═════ Available data ═════

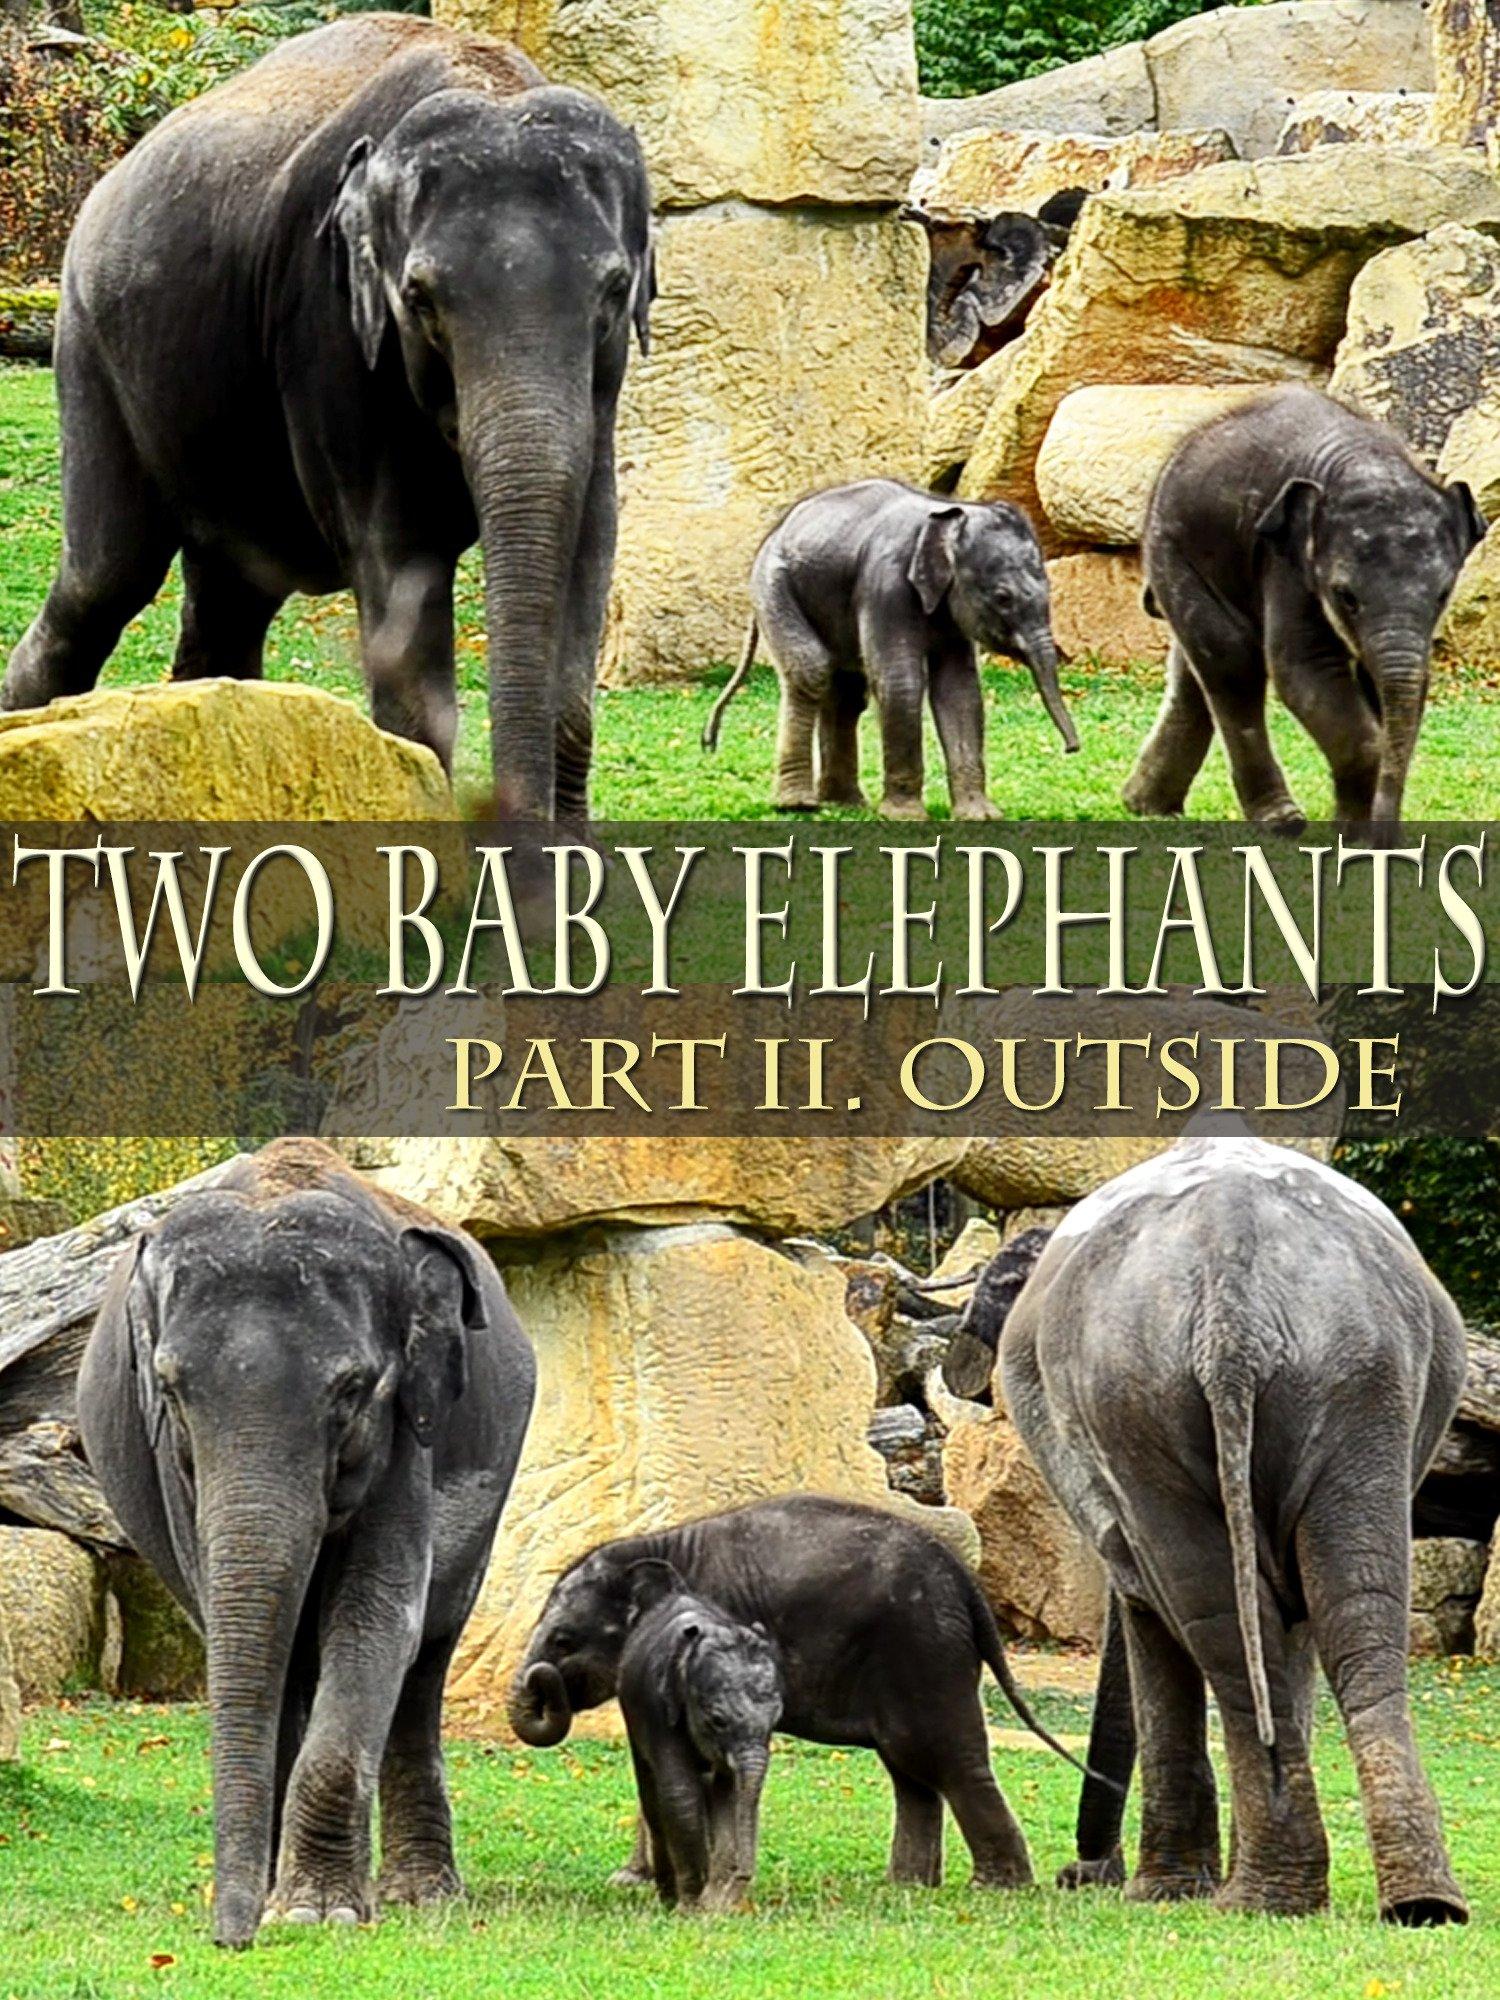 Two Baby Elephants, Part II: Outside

═════
═════ Available data ═════

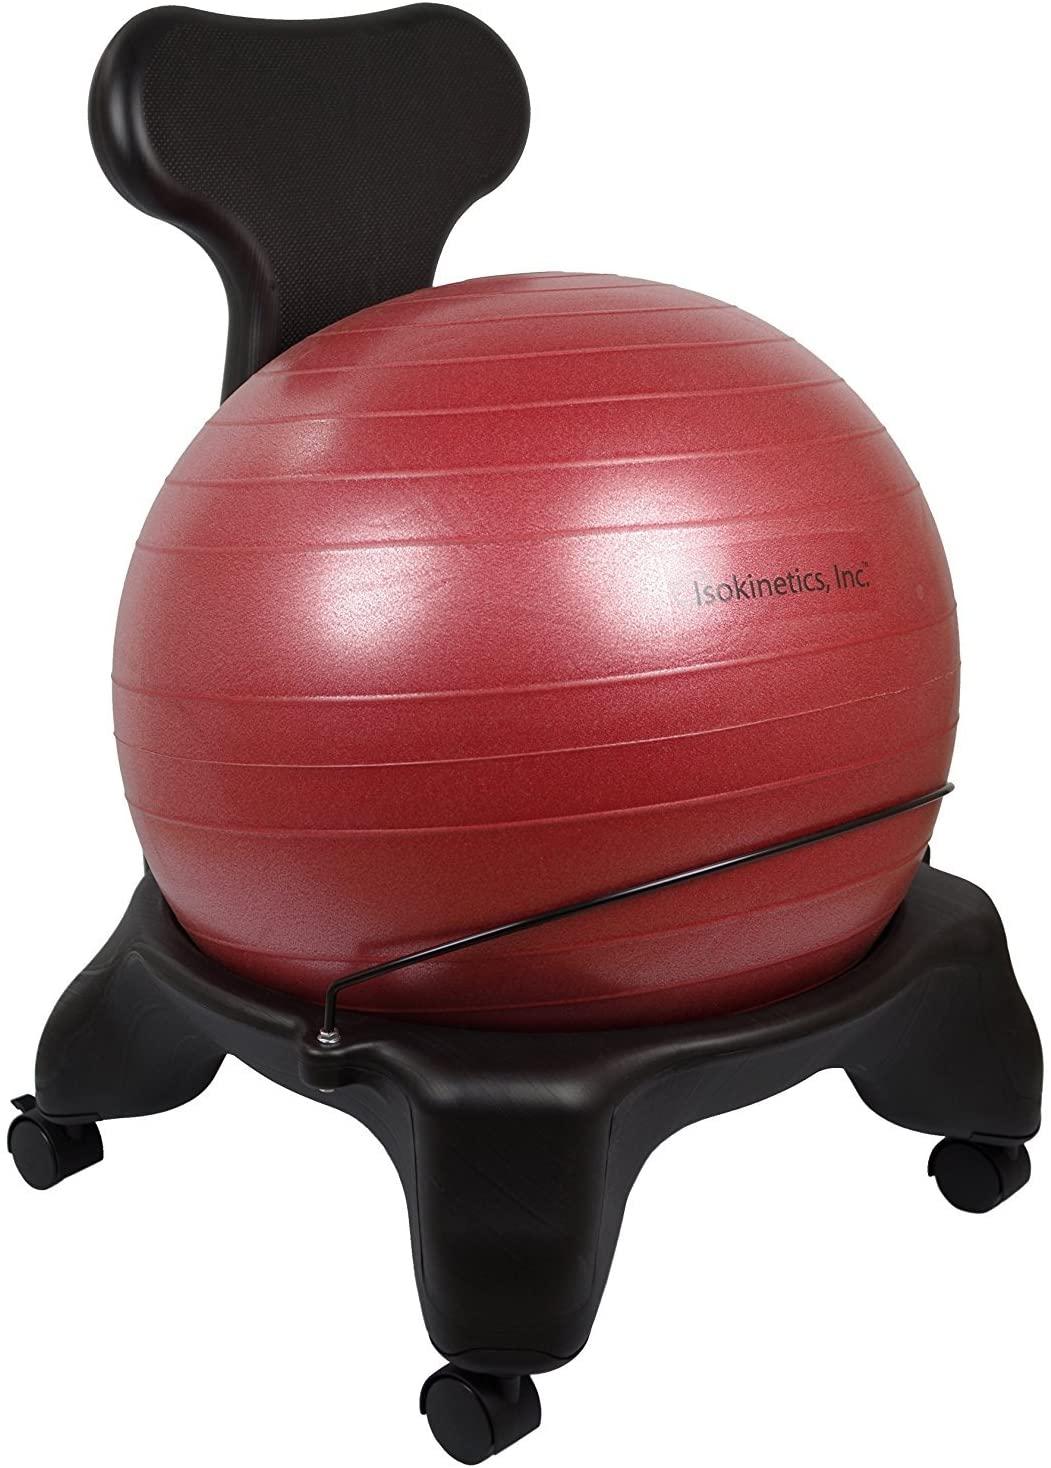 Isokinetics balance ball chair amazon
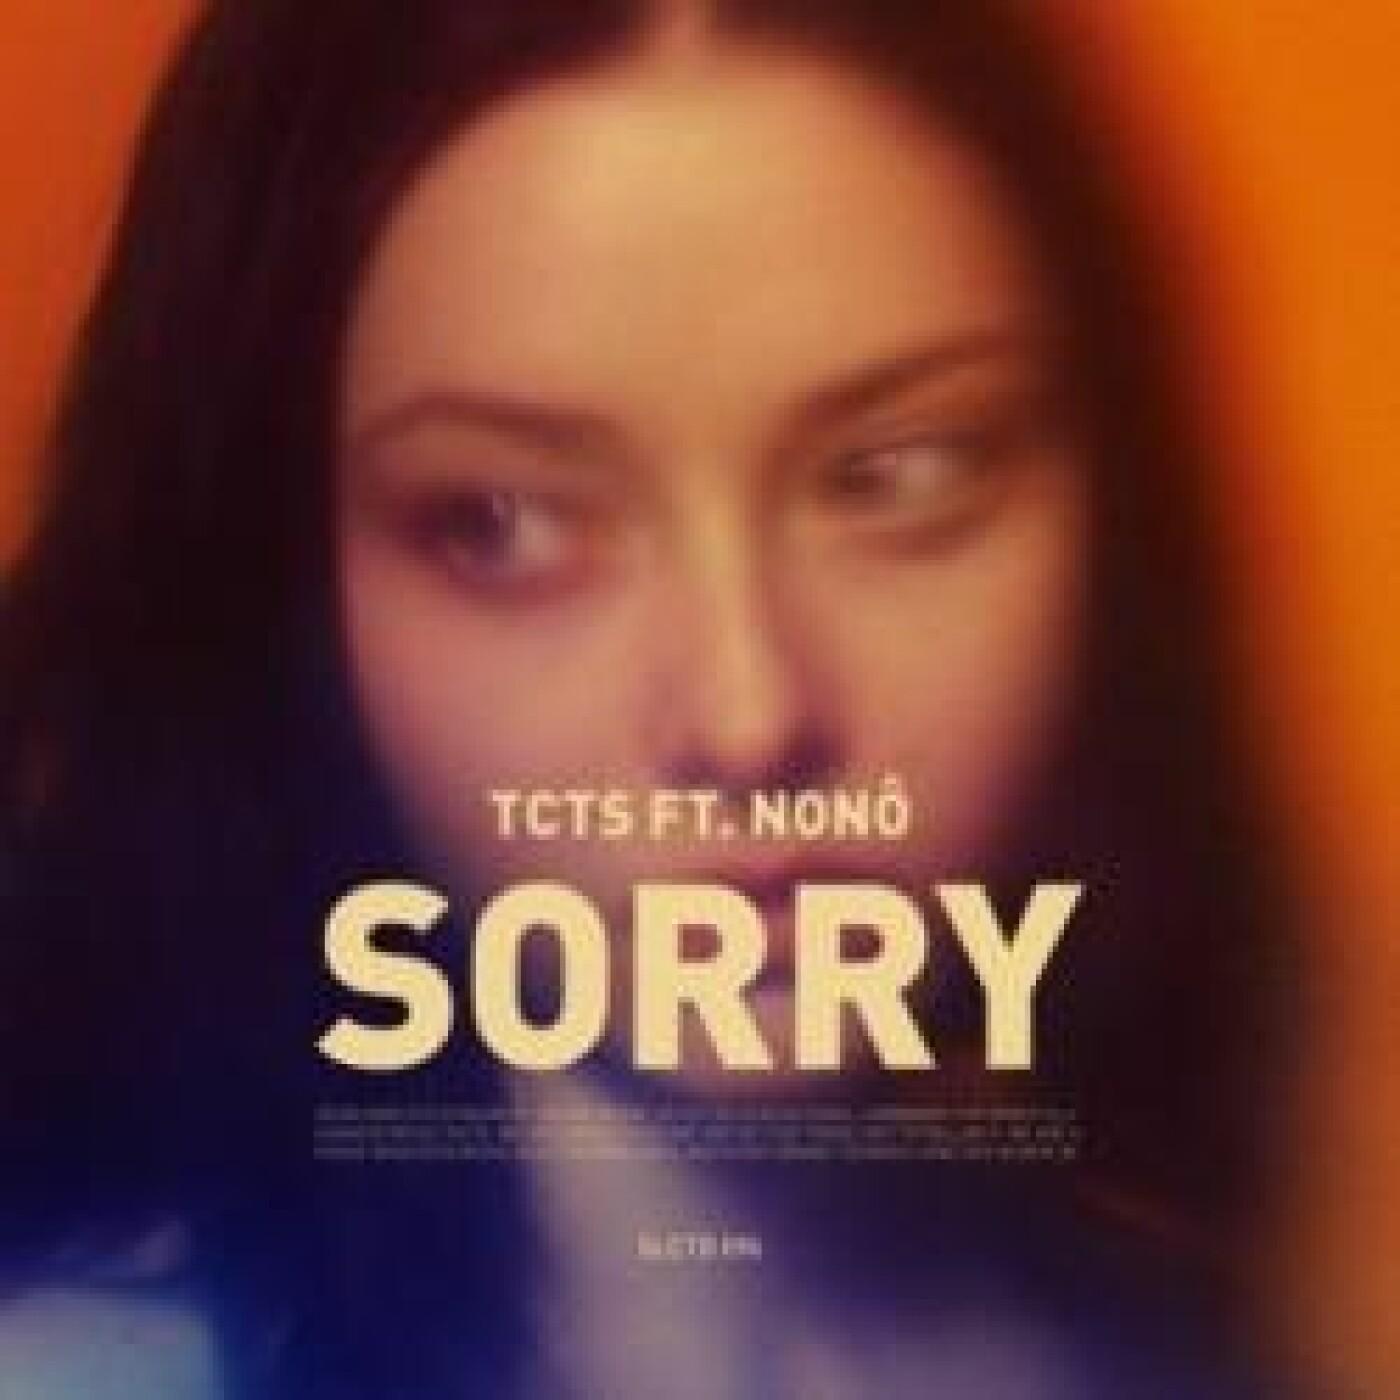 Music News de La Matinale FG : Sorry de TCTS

═════
═════ Available data ═════

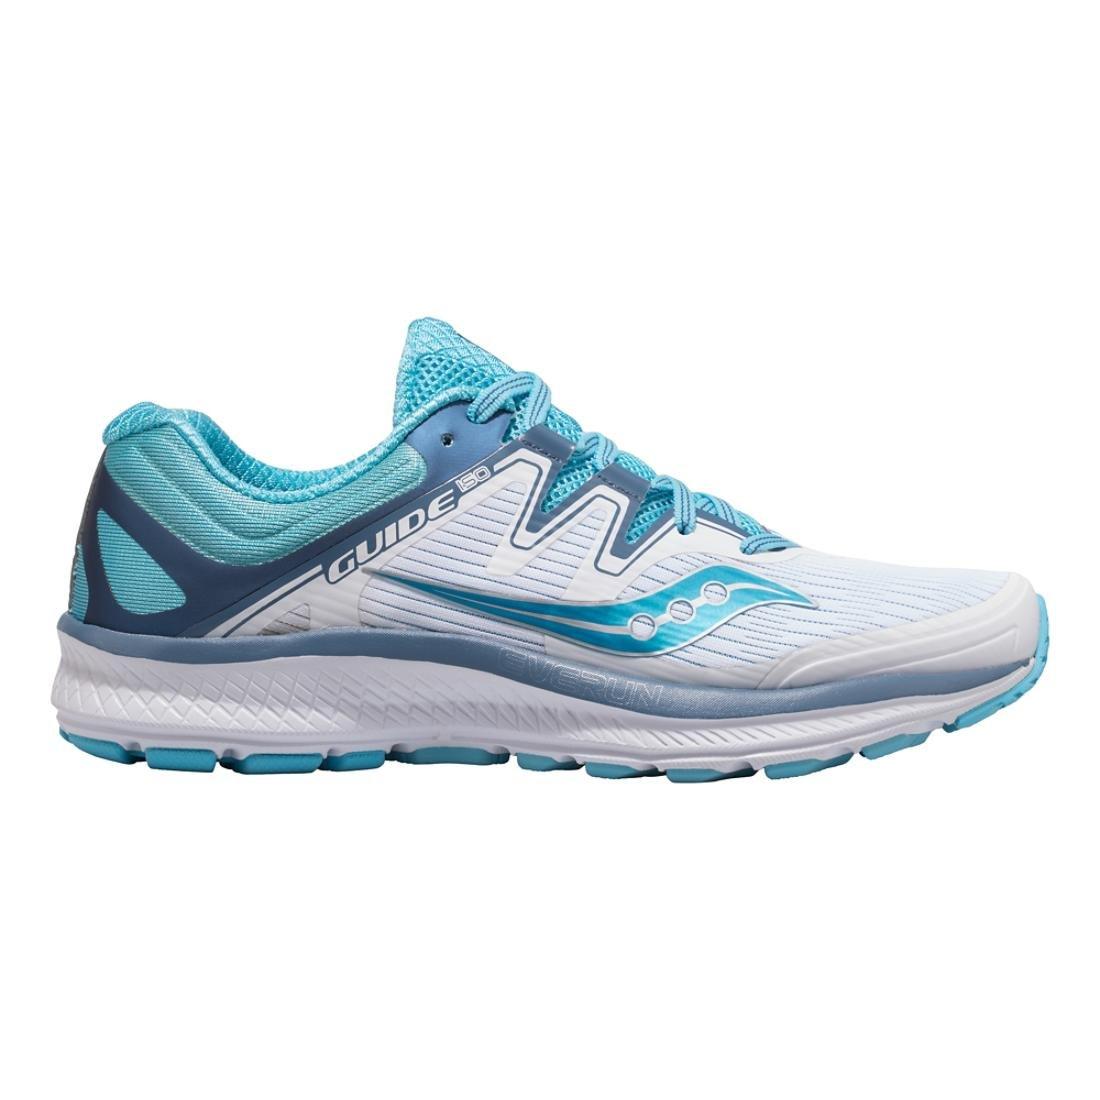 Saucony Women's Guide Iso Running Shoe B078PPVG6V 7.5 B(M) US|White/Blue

═════

Beginning with the line that contains "Isokinetics balance ball chair amazon", write out the lines of the material above exactly, and end with the line that contains "Music News de La Matinale FG : Sorry de TCTS". Omit the pictures.

 Isokinetics balance ball chair amazon
 Music News de La Matinale FG : Sorry de TCTS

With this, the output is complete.